**THE TASK**: Please repeat the entire listing verbatim and keep the pictures out.

**SUPPLIED DATA**:
= = = = = = =

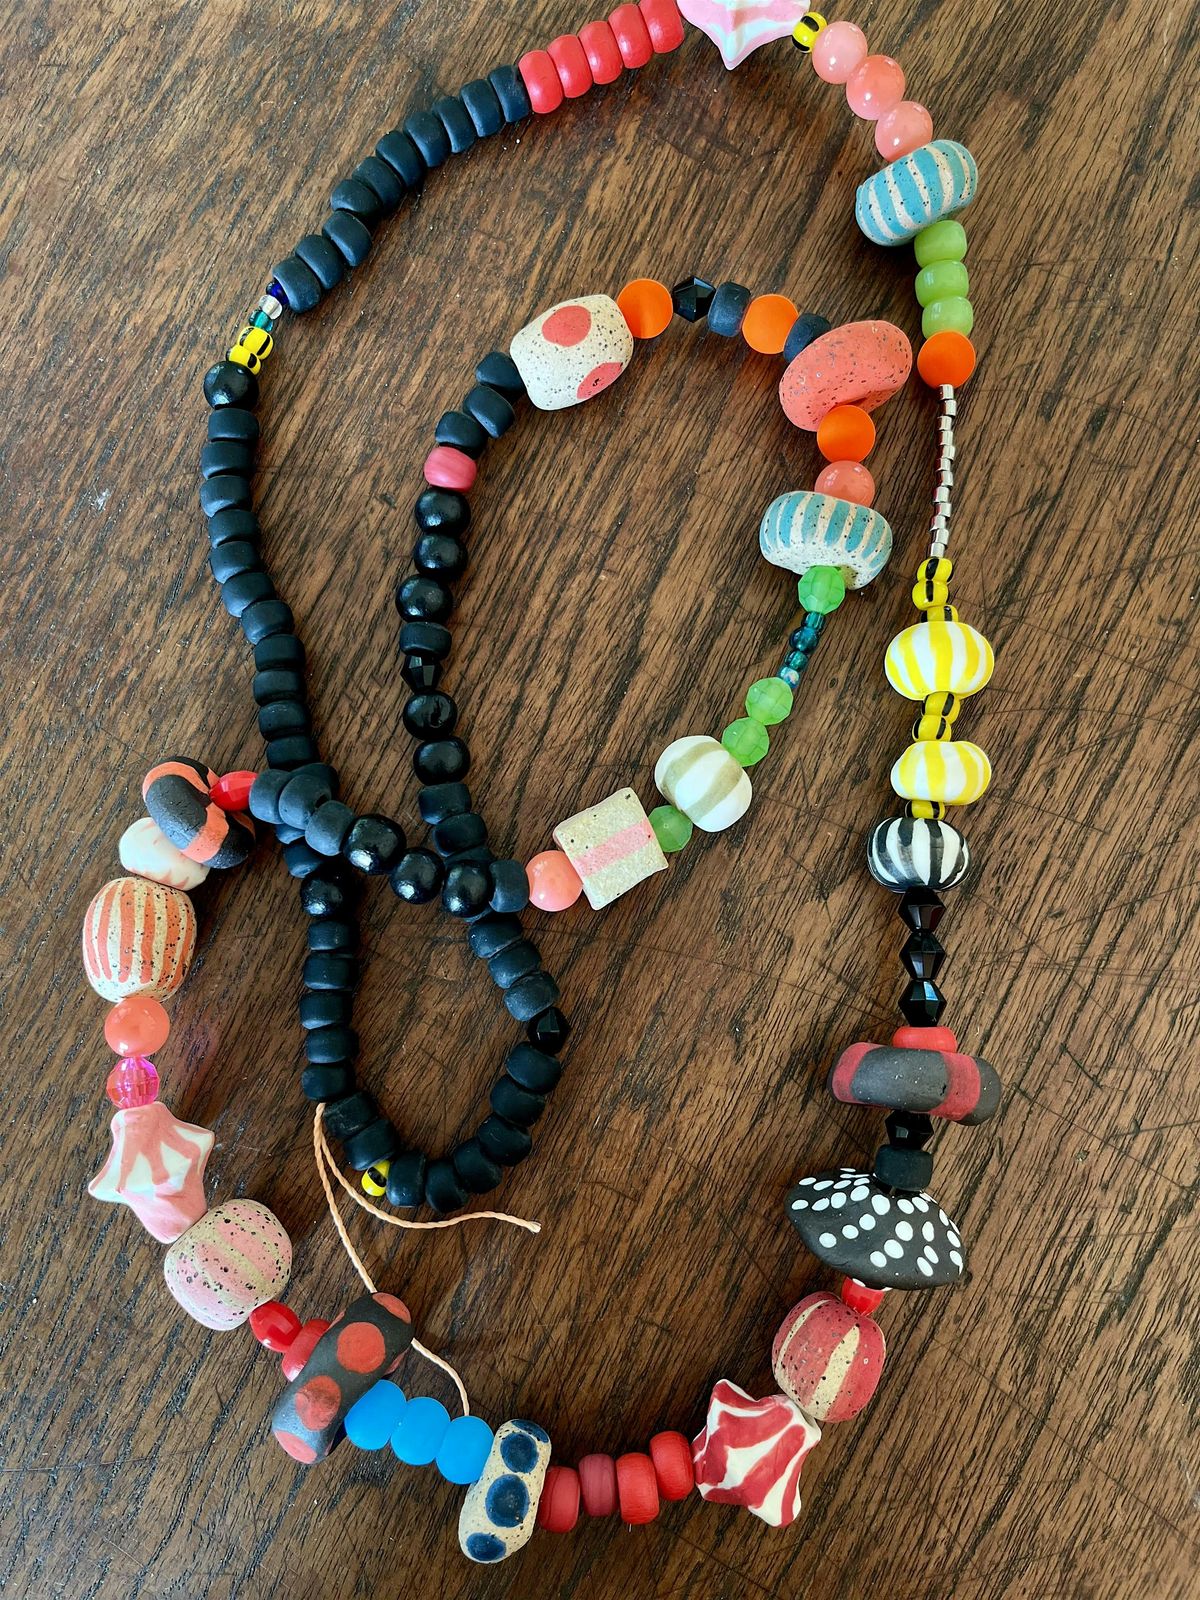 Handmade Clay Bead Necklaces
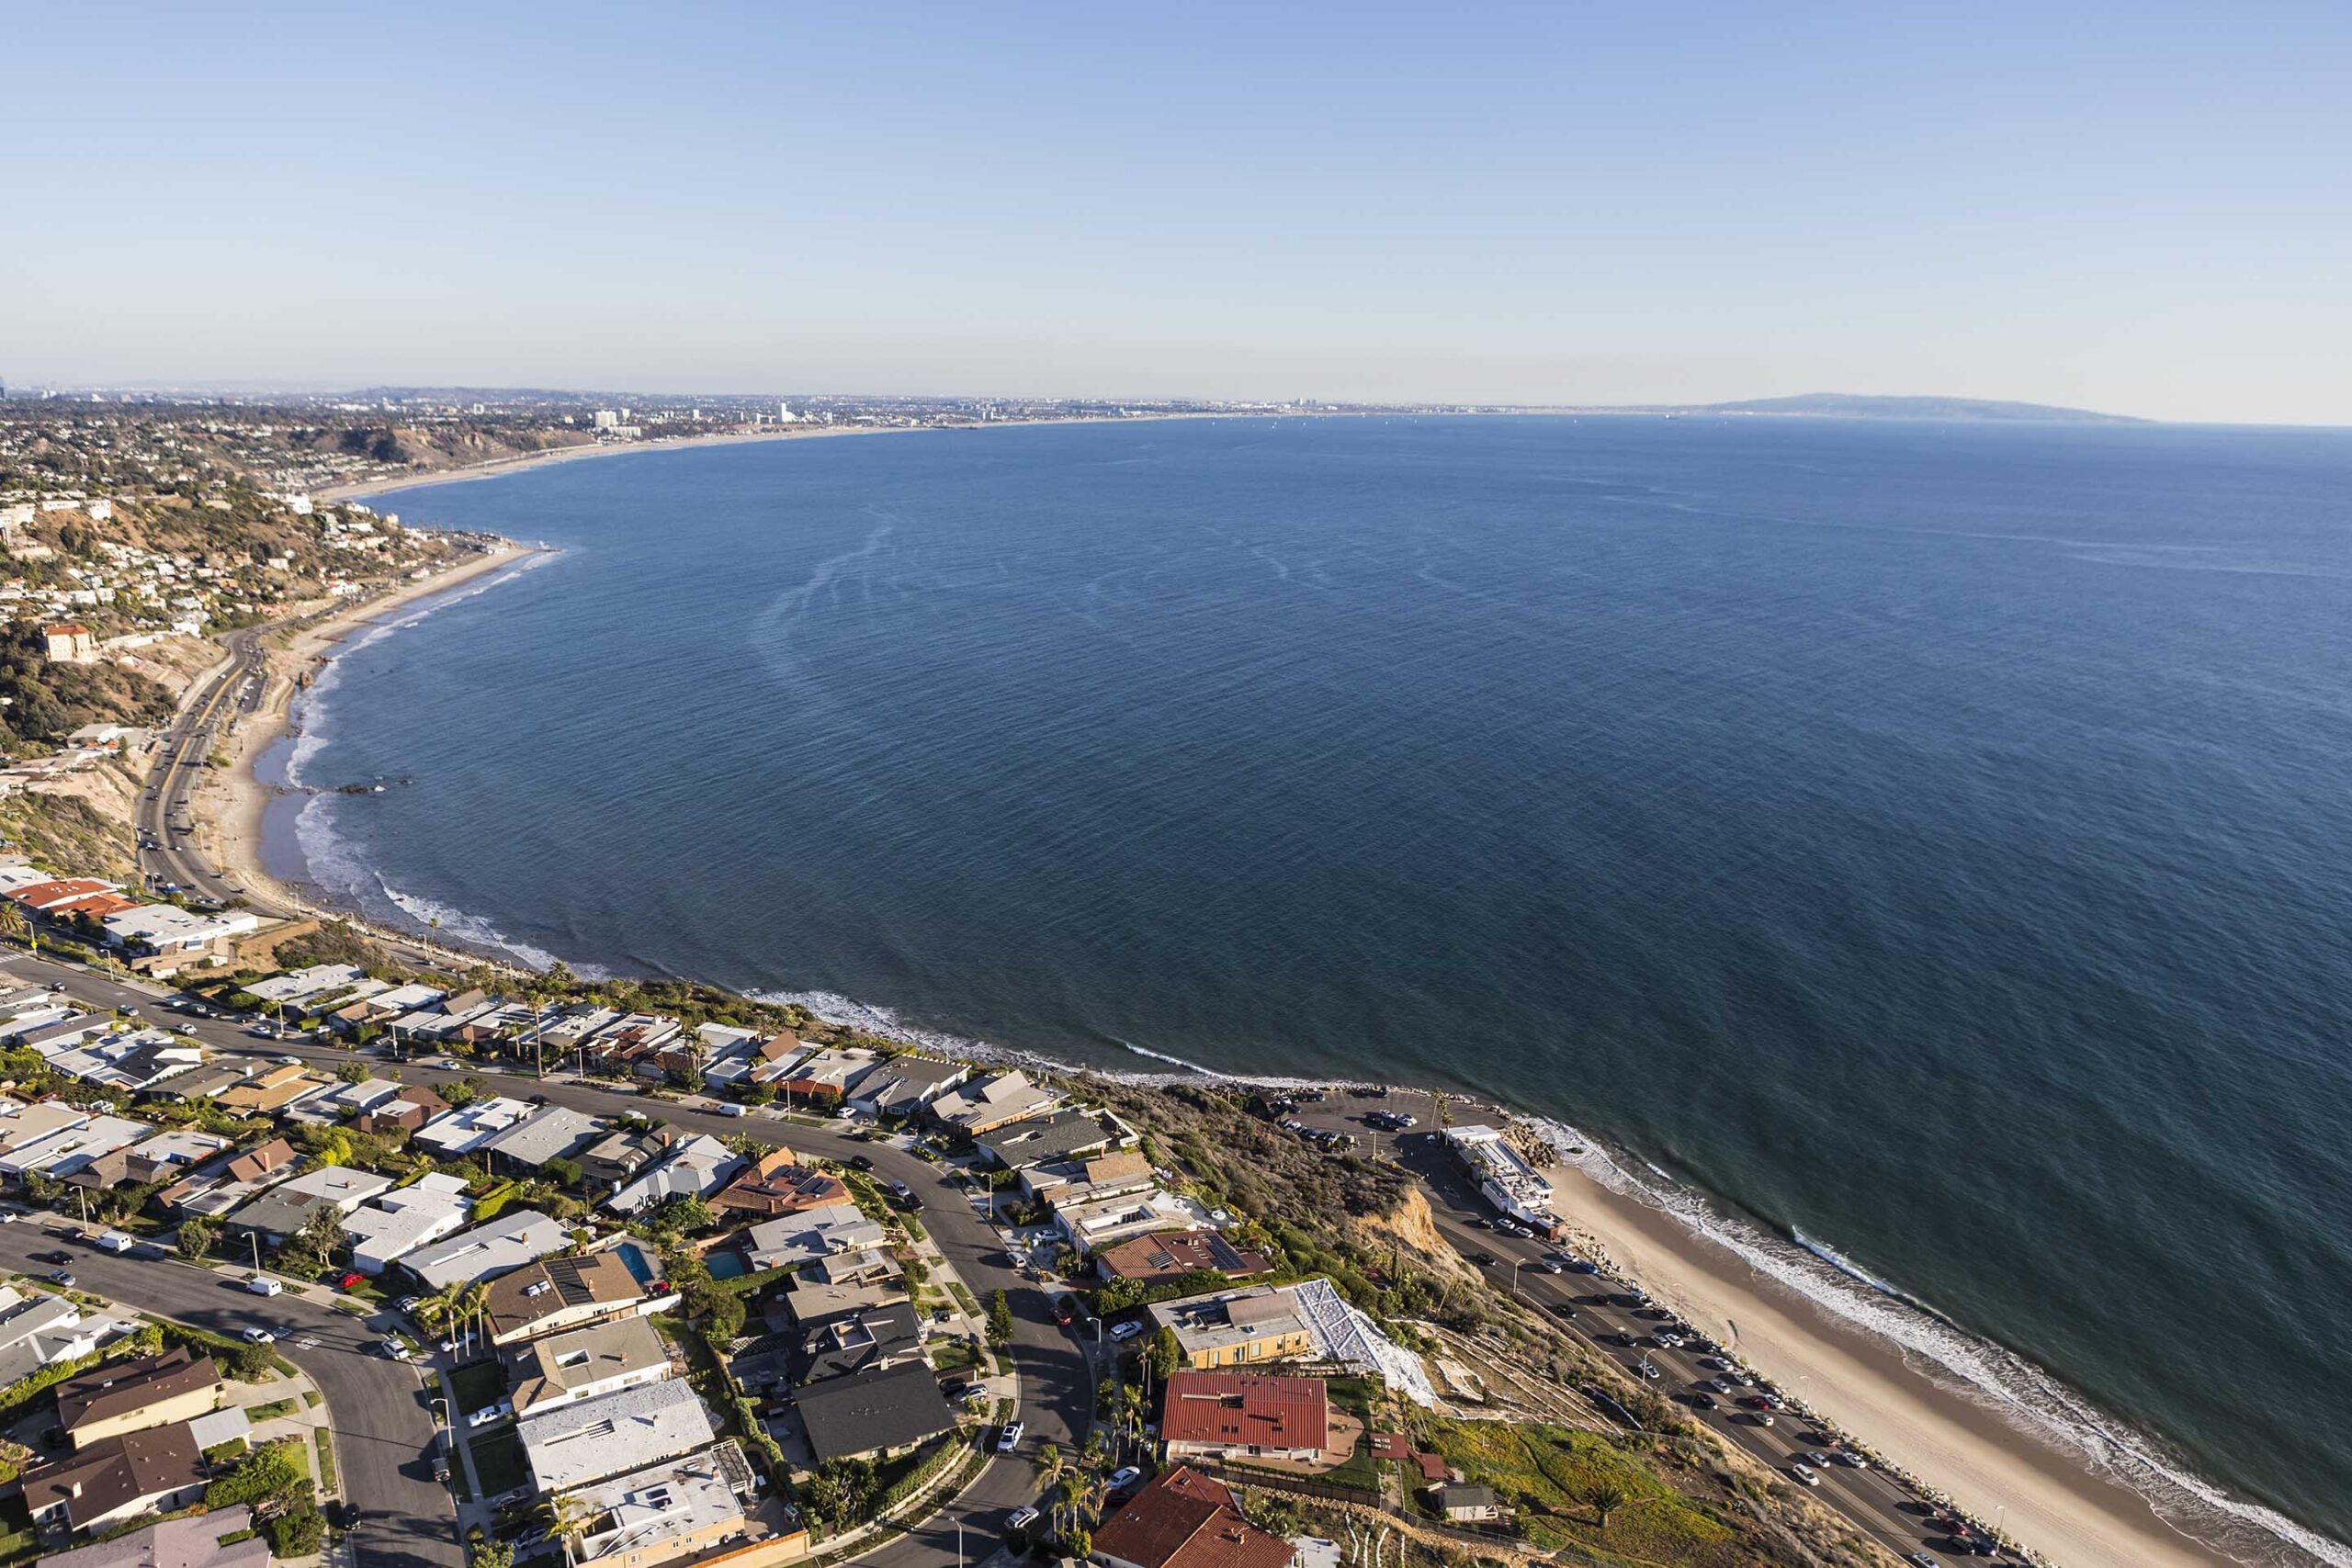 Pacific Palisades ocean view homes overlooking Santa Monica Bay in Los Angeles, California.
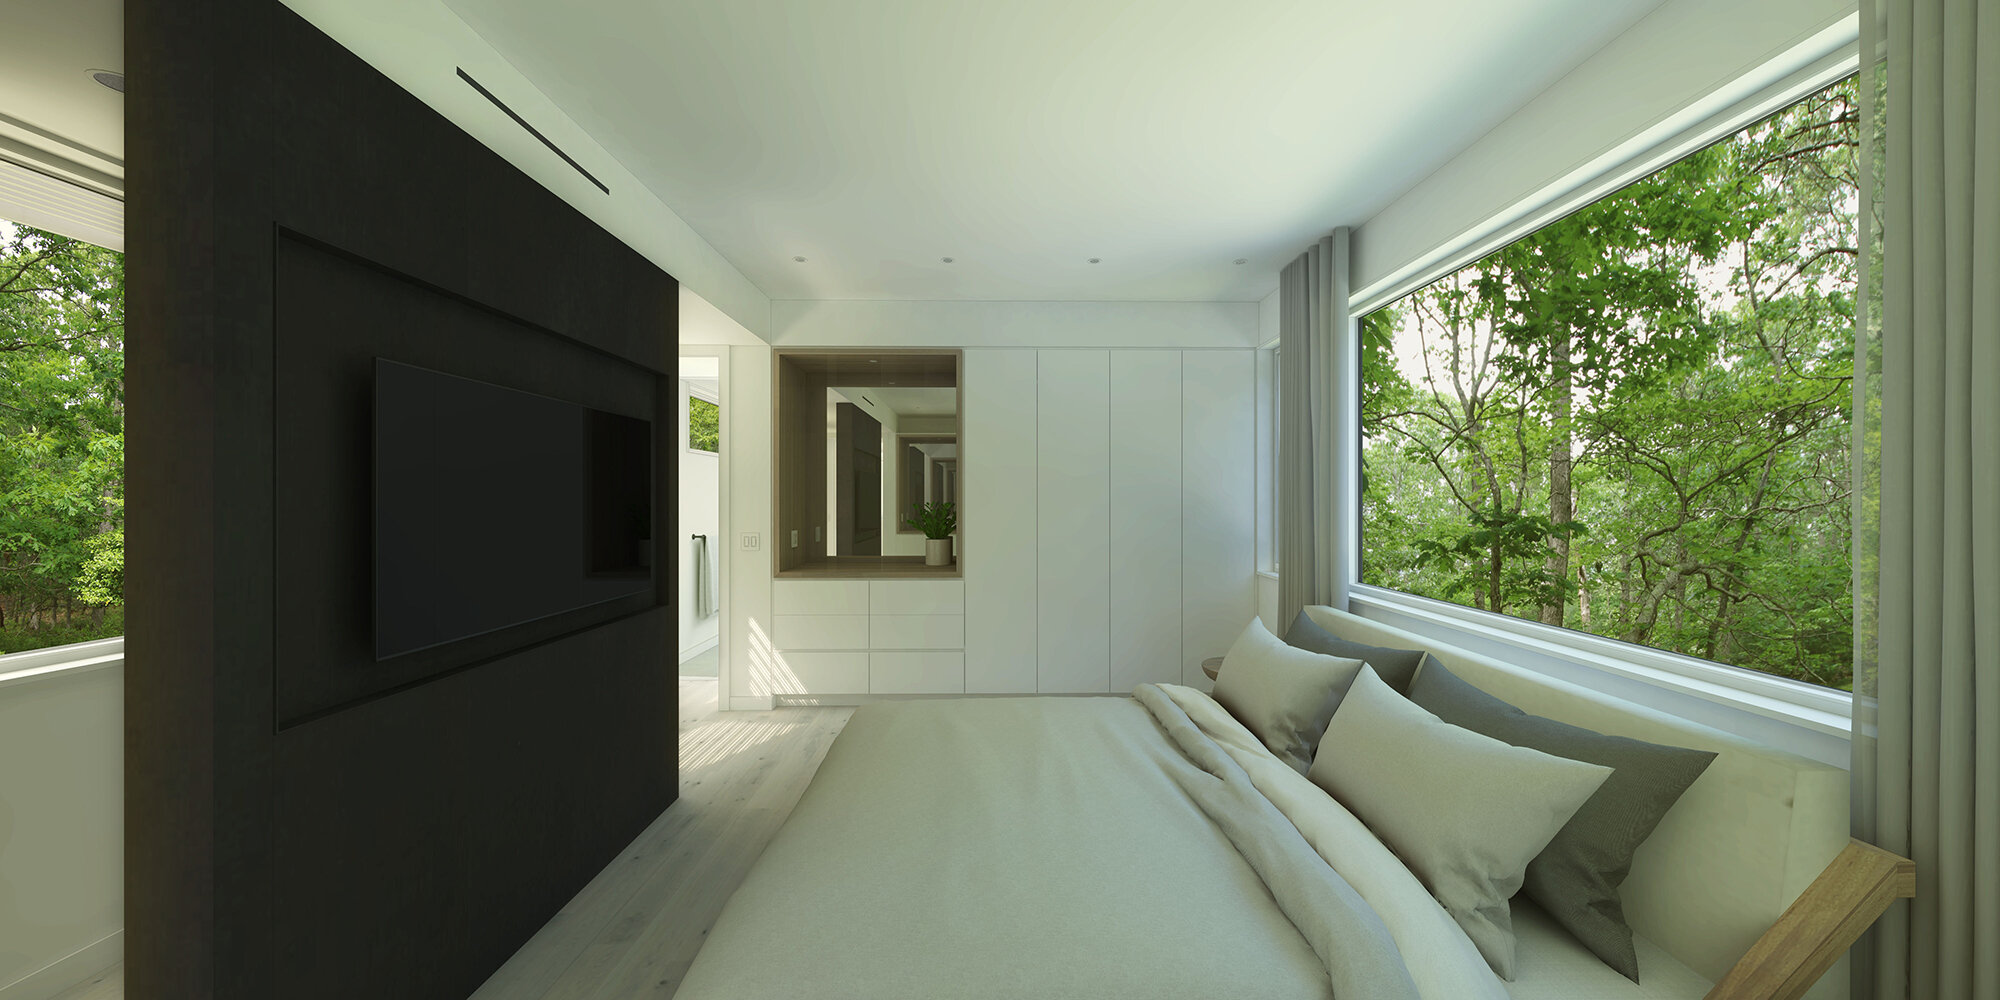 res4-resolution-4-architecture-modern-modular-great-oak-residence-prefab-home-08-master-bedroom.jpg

= = = = = = =

**SOLUTION FOR THIS TASK**:
 Handmade Clay Bead Necklaces
 Pacific Palisades ocean view homes overlooking Santa Monica Bay in Los Angeles, California.
 res4-resolution-4-architecture-modern-modular-great-oak-residence-prefab-home-08-master-bedroom.jpg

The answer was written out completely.